(Material provided Opens)

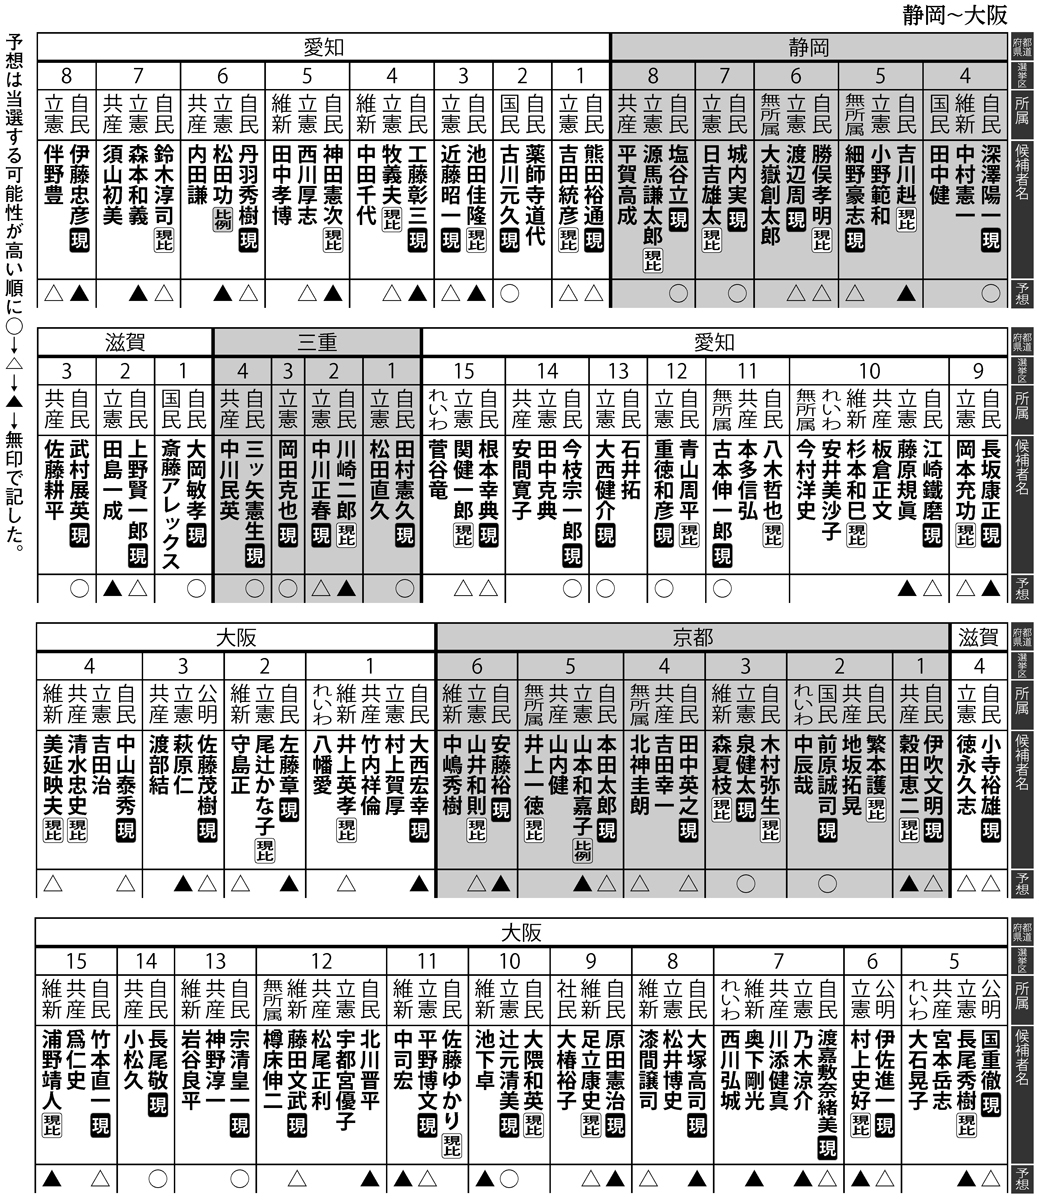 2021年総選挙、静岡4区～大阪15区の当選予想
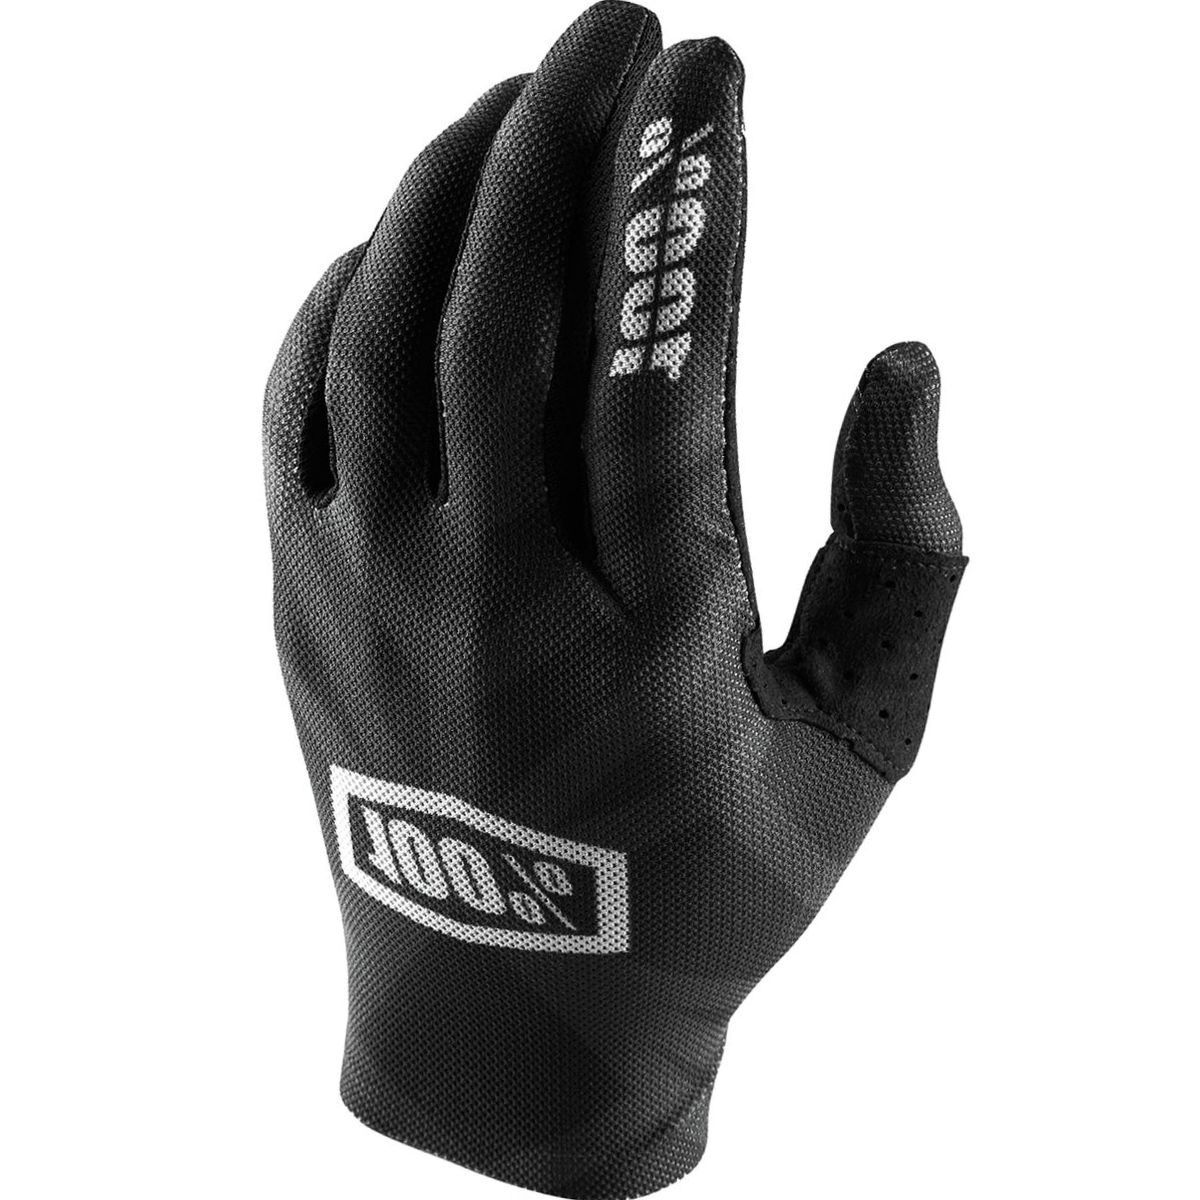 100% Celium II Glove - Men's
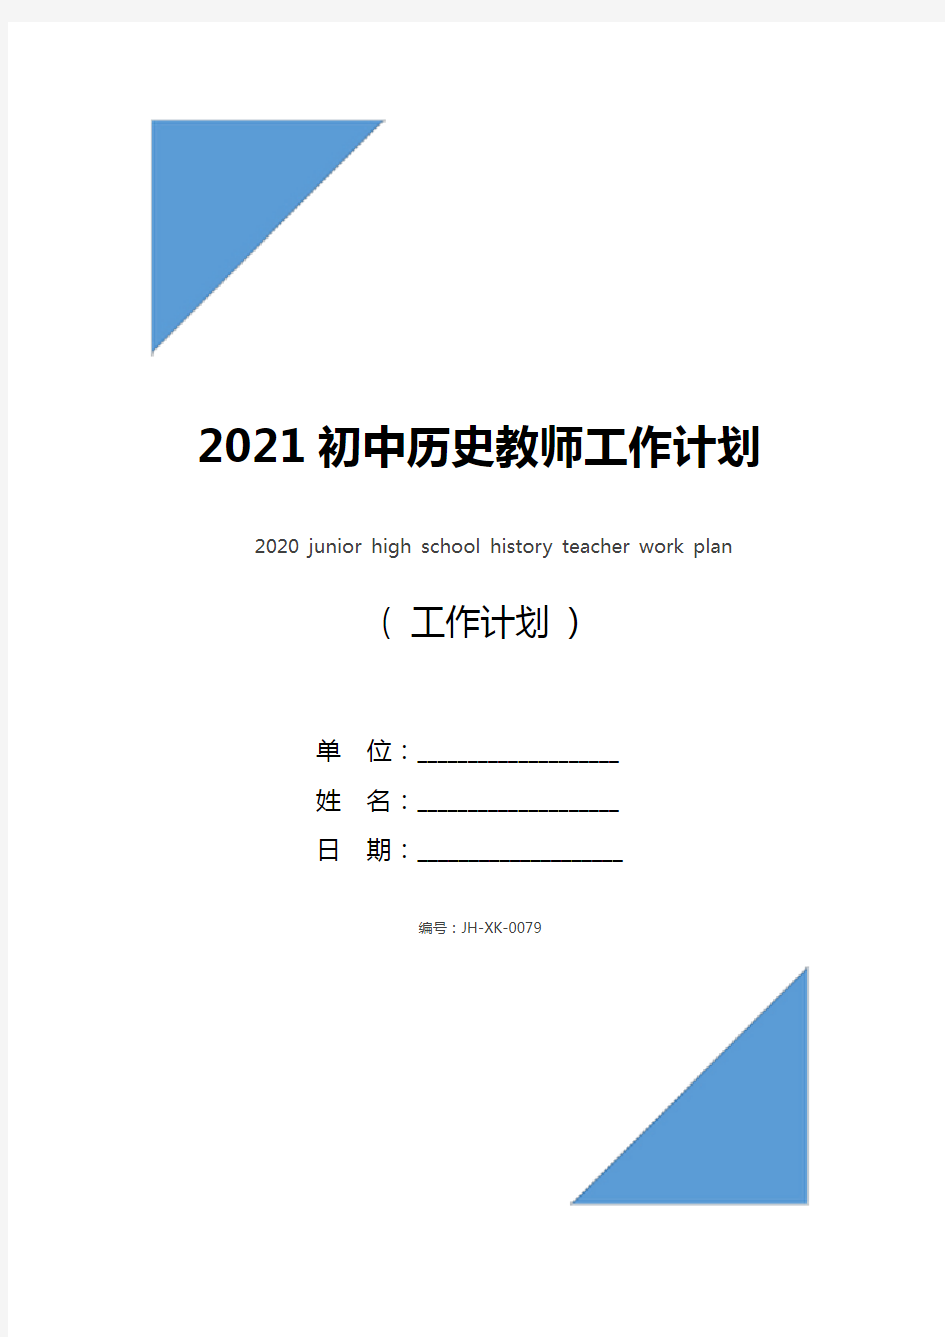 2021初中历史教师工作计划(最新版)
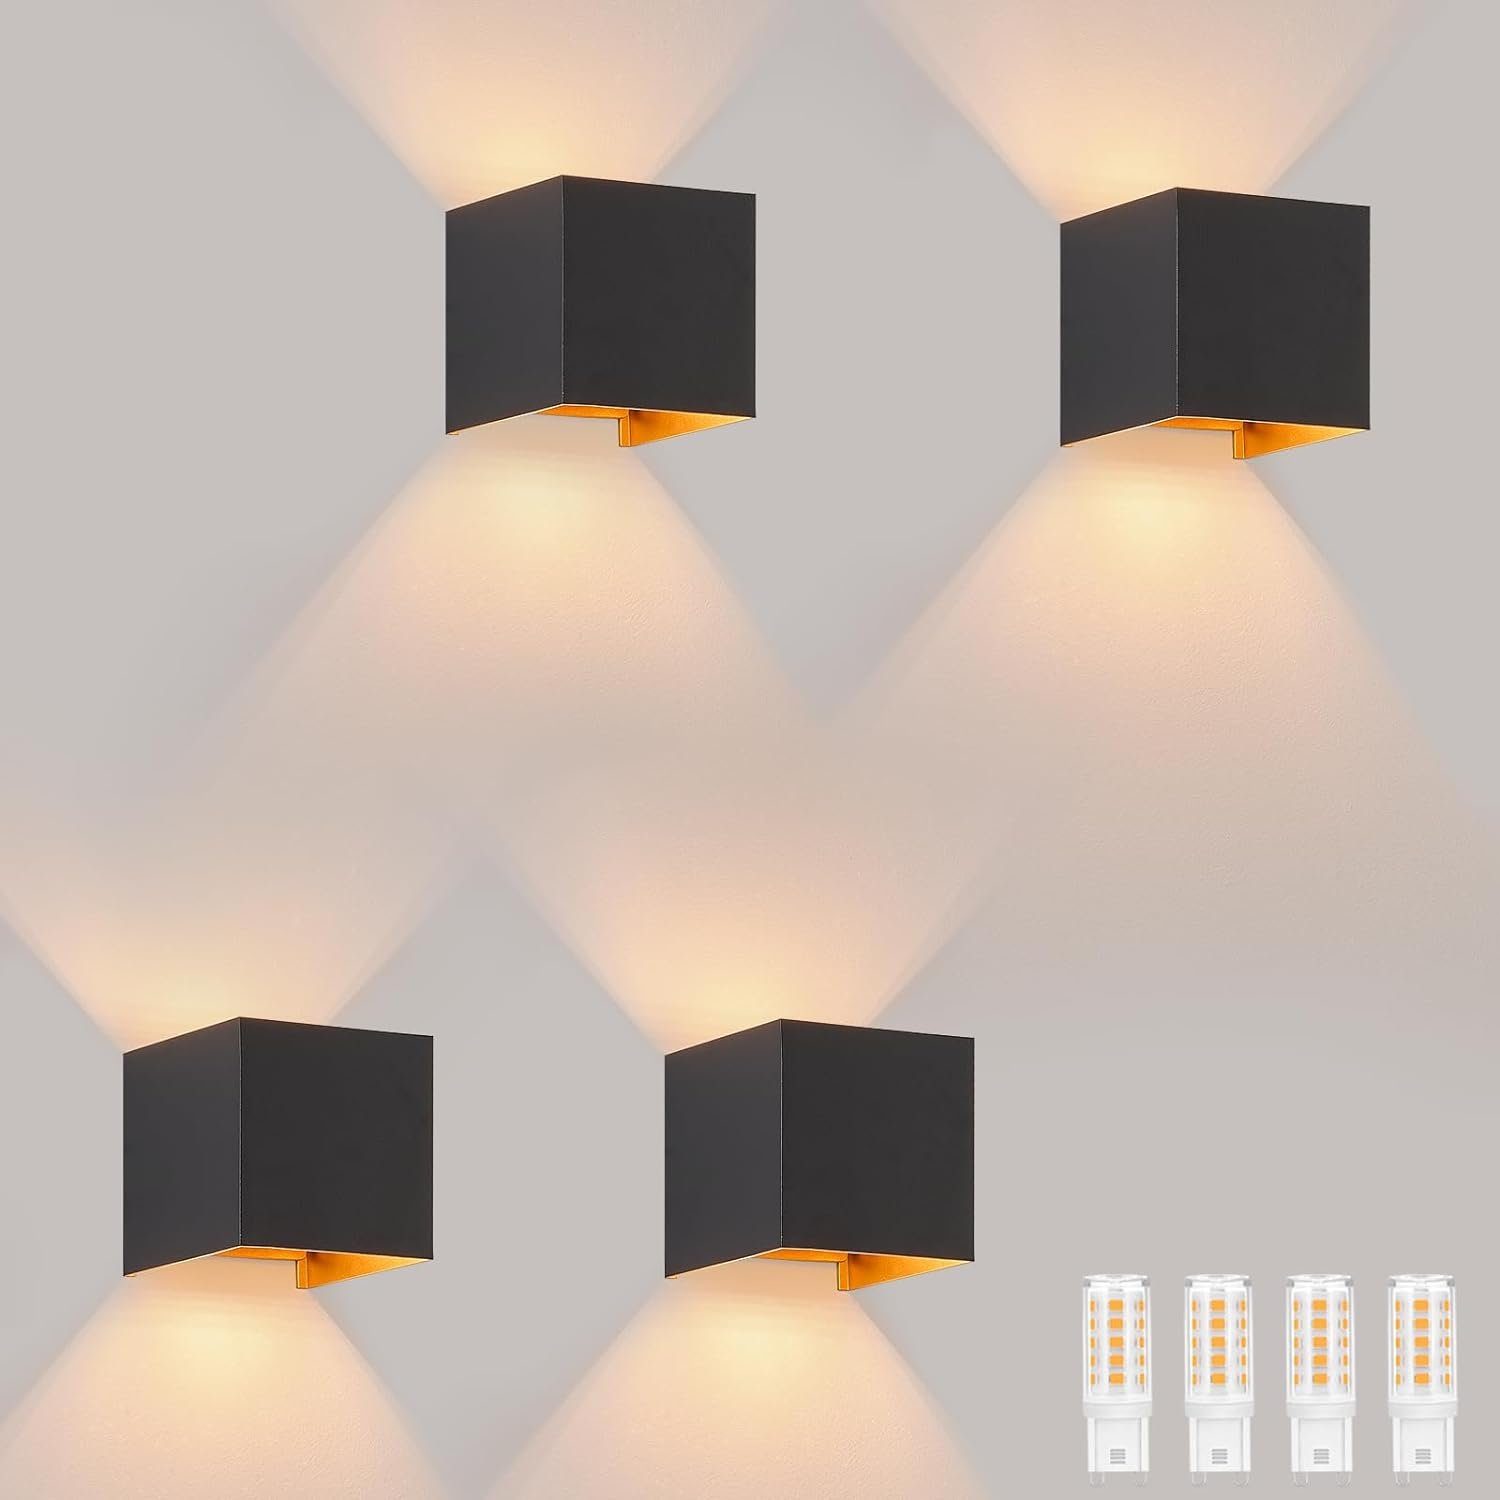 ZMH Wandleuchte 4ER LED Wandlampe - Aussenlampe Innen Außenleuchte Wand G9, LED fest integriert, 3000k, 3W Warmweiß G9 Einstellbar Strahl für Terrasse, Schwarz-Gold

(Material provided Closes)

Work instructions:
Write the material out again exactly as it appears, dropping the pictures.

Final answer:
 2021年総選挙、静岡4区～大阪15区の当選予想
 100% Celium II Glove - Men's
 2021初中历史教师工作计划(最新版)
 ZMH Wandleuchte 4ER LED Wandlampe - Aussenlampe Innen Außenleuchte Wand G9, LED fest integriert, 3000k, 3W Warmweiß G9 Einstellbar Strahl für Terrasse, Schwarz-Gold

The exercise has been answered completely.